Rustylink 09:20 09 May 10
With advice like yours there is little hope for Greece or Greeks. If you don't listren to realistic advice, and persist in indulging in illusions laced with paranoia, you are condemning Greeks and Greece to unmitigated disaster. Attacking the messenger will not change the facts. Judging by the tone your eroneous acusations you feel you have lost the argument.
Panayotis 12:07 10 May 10
Rustylink,
You have no arguments but excuses for the interests you are representing. Thus there is nothing for me to loose. I have stated my case clearly and with powerful economic analysis whic you have no desire to listen, You have not provided any counterpoints but "moralizing" staements against Greeks which must be sacrificed for the interets you are representing.
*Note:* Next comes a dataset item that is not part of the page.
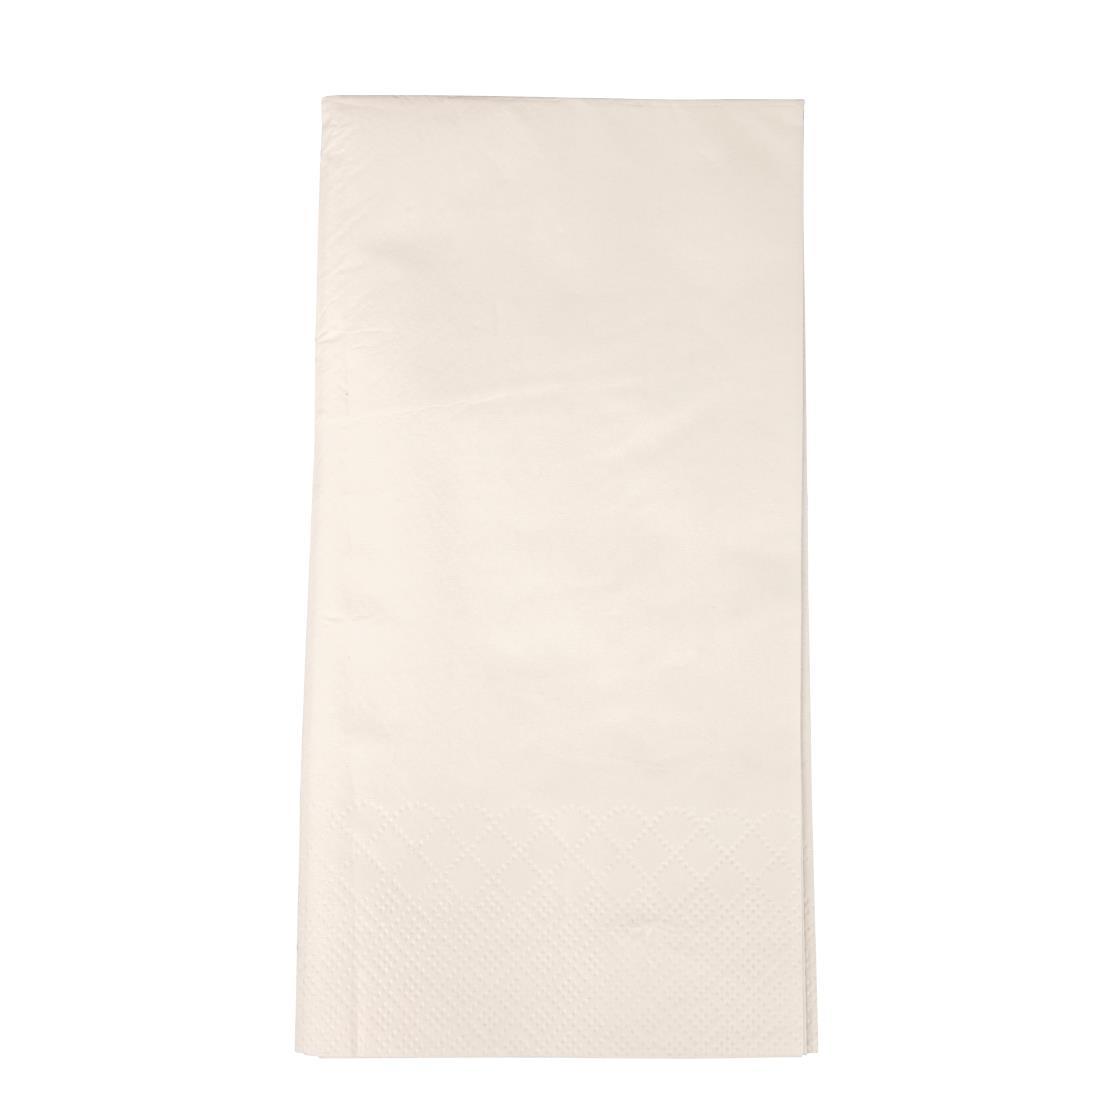 Fiesta Recyclable Dinner Napkin White 40x40cm 2ply 1/8 Fold (Pack of 250) - CM565  - 2
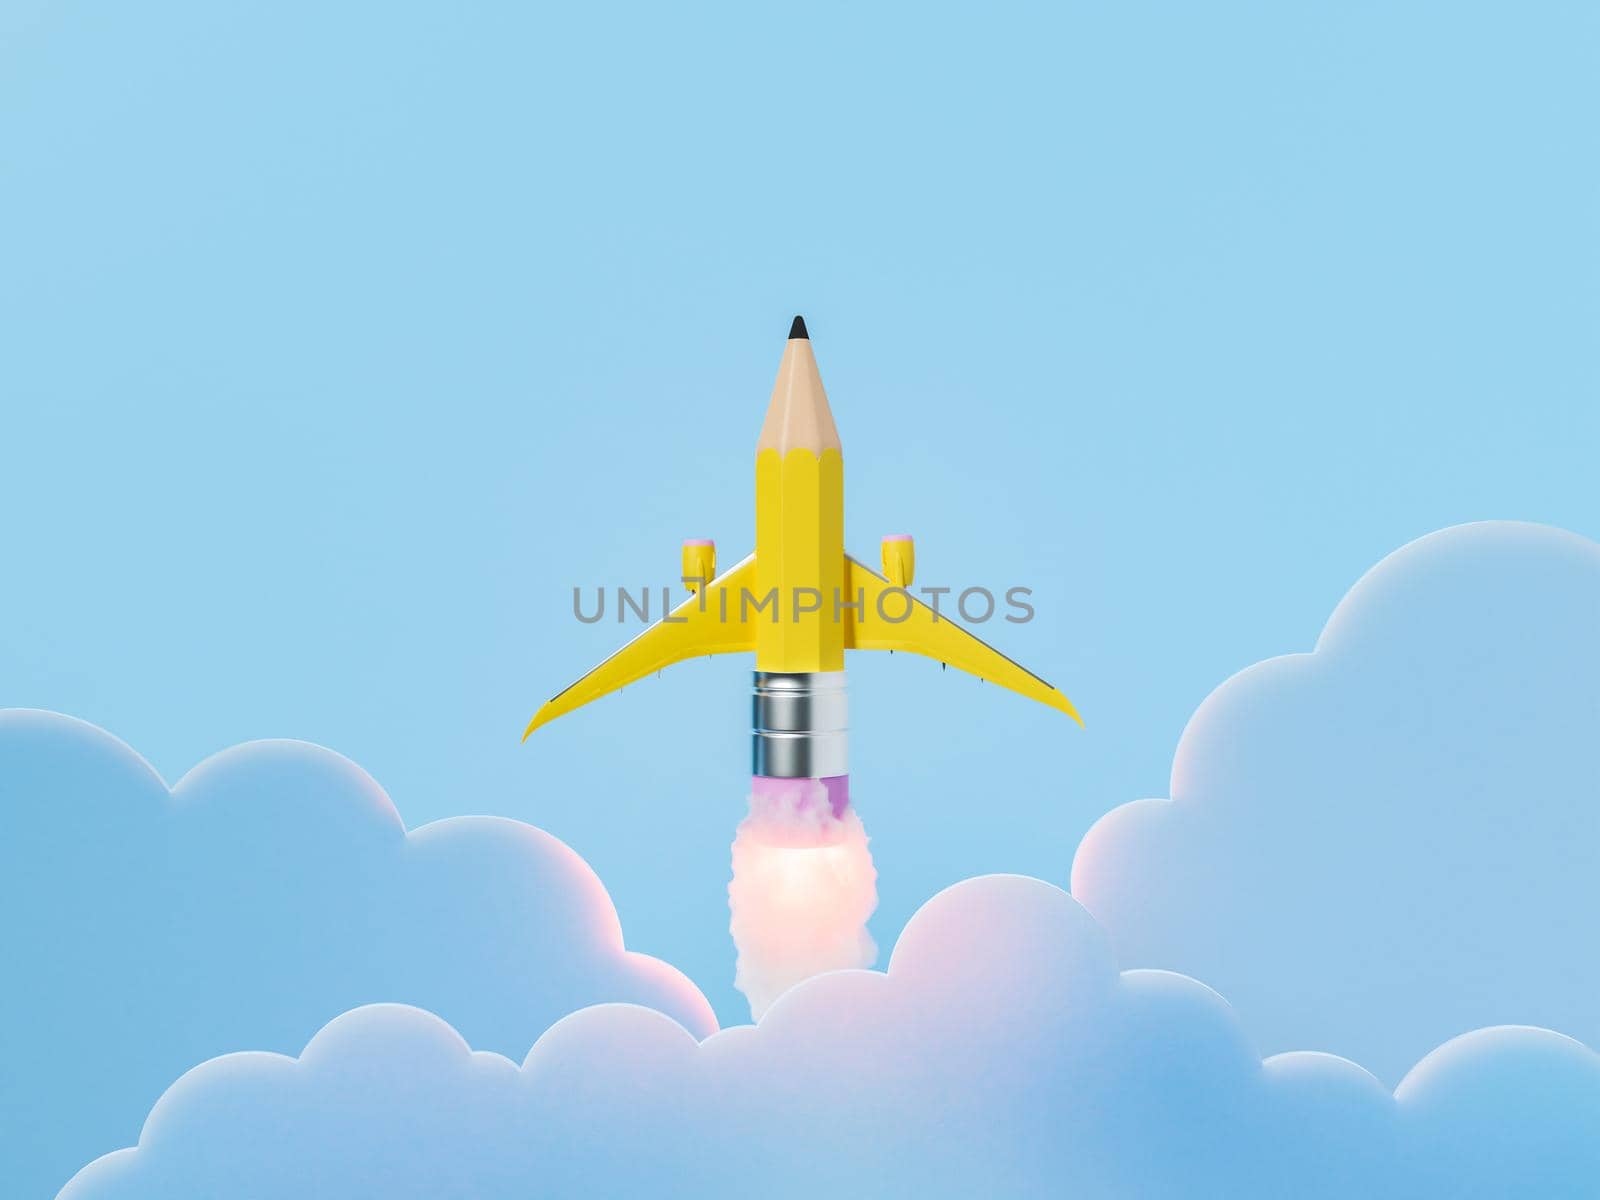 Lead pencil in form of rocket in blue sky by asolano

You have insulted Greek people. I hope and fight to have many other Greeks to join the fight and understand that the bottom line is who pays. I say the bankers first, the EU and the ECB next and Greeks should focus to put their house in order by promoting growth and true structural changes. There is no solidarity in Europe but only benefits for those that profit from austerity measures. I believe that soon the Greek people will overthrow theses policies and proceed to restructure the debt with a serious haircut, move to domestic borrowing and if they have to they will reintroduce the drachma. As for your euro start sweating..... Am I the only who says so? Try Krugman, Feldstein, Johnson, Eichengreen, Stiglitz and many more. I am in good company! Who lost the argument?


MK26 12:47 24 Apr 10
The “European Transfer Union” option is highly unlikely to happen, considering the present financial plight of the major rich nations in the Europe. UK is awaiting its elections, and thereby financial reforms, while Germany is already in dire straights. France does not generally initiate such things... the EU will probably drop Greece from the Euro bandwagon and try to rope in Turkey instead.